Only wanting to bring love compassion and understanding, a world enraged turned on those basic values. Shall we ask, Father forgive them for they do not know what they do?
Hope is a tricky thing. One must grab on and hold on for dear life in times like these. I feel my own anger arise within as I take a deep breath and remind myself that I am better than that. I have strived for so long to bring a message that brings light and inspiration so I must hold on to that. I will not lower myself to injustice but move forward using my own voice to seek out the just! To not lose faith, I must truly believe that there is a plan greater that we cannot see. This could be the very beginning of an awakening of good in the face of ignorance and evil.
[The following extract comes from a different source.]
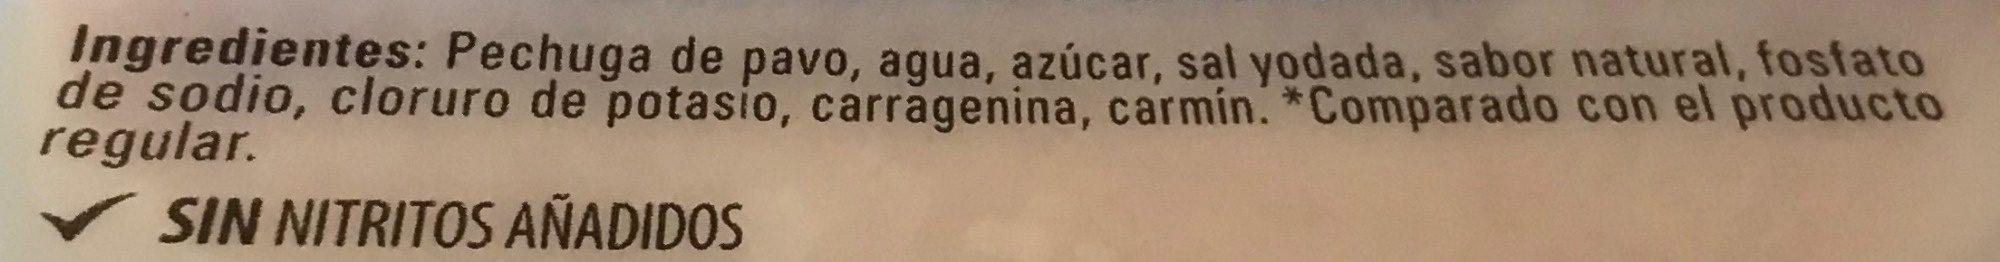 Pechuga de pavo - Ingrediënten

This could be the beginning of a certain something wonderful that is about to happen. This could be the beginning of a people who do not walk numb to a life that does not serve any of us. For you and I play an important role on this big beautiful planet.
You see Hope is a tricky thing. A Pandora’s box has been opened and sanctioned by a people who have loudly stated that character is something that carries no import. Yet, there are many of us who stand firm and will continue to demand that our voices are heard. For those who identify as female, LGBTQ, Black, underrepresented Whites, and minority that feel silenced, this is not the time to back down from hope. This is the time to grab on and hold on tighter for the pendulum it does swing and the universe loves balance. While the sadness will not leave probably in the upcoming days, I still hold my head high as I will not let the bastards get me down. I certainly will not let any of this change me for the worse, just lit a bigger fire under me to move forward with my calling and to continue to create a world that makes me proud. Let your light shine and never give up hope!! That is where the magic lies! Our children are watching- while tricky, we still have an obligation and we can be a force for hope!